Groundwater is not only a vital resource, but also one of the largest terrestrial aquatic ecosystems on Earth. However, to date, ecological criteria are often not considered in routine groundwater monitoring, mainly because of the lack of suitable ecological assessment tools. Prokaryotic microorganisms are ubiquitous in groundwater ecosystems even under the harshest conditions, making them ideal bioindicators for ecological monitoring. We have developed a simple, inexpensive approach that enables ecological groundwater monitoring based on three microbiological parameters that can be easily integrated into existing routine monitoring practices: prokaryotic cell density (D) measured by flow cytometry; activity (A) measured as prokaryotic intracellular ATP concentrations using a simple cell-lysis-luminescence assay; and, as an optional parameter, the bioavailable carbon (C) measured as the concentration of assimilable organic carbon in a simple batch growth assay. We analyzed data for three case studies of different disturbances representing some of the main threats to groundwater ecosystems, i.e. organic contamination with hydrocarbons, surface water intrusion, and agricultural land use.

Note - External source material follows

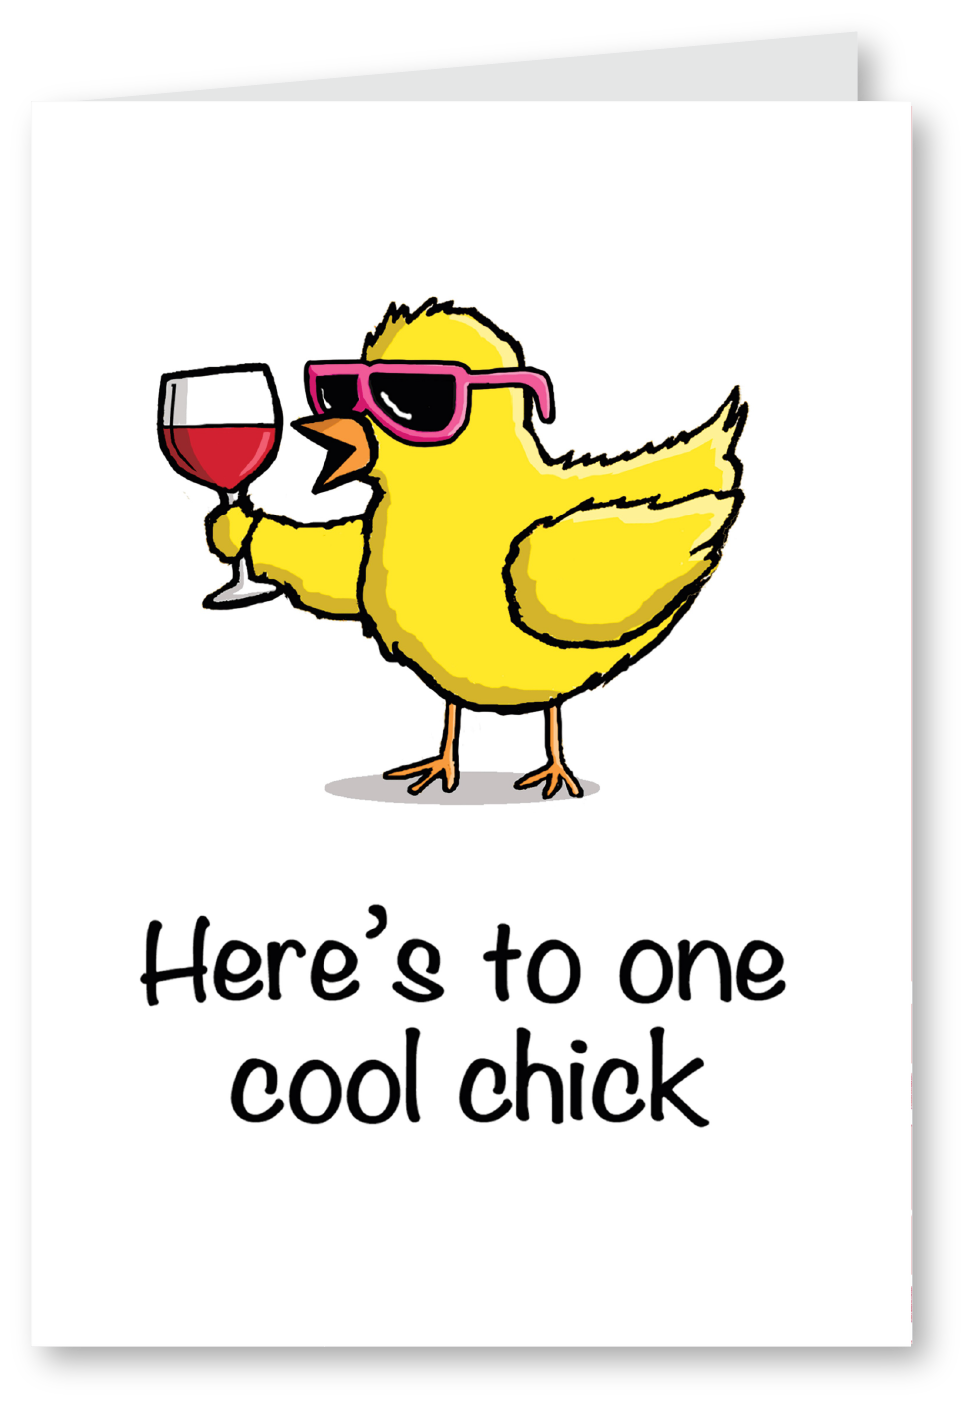 Here's to one cool chick

For all three disturbances, disturbed samples could be reliably distinguished from undisturbed samples based on a single index value obtained from multivariate outlier analyses of the microbial variables. We could show that this multivariate approach allowed for a significantly more sensitive and reliable detection of disturbed samples compared to separate univariate outlier analyses of the measured variables. Furthermore, a comparison of non-contaminated aquifers from nine different regions across Germany revealed distinct multivariate signatures along the three microbial variables, which should be considered when applying our approach in practice. In essence, our approach offers a practical tool for the detection of disturbances of groundwater ecosystems based on microbial parameters which can be seamlessly extended in the future by additional parameters for higher sensitivity as well as flexibility.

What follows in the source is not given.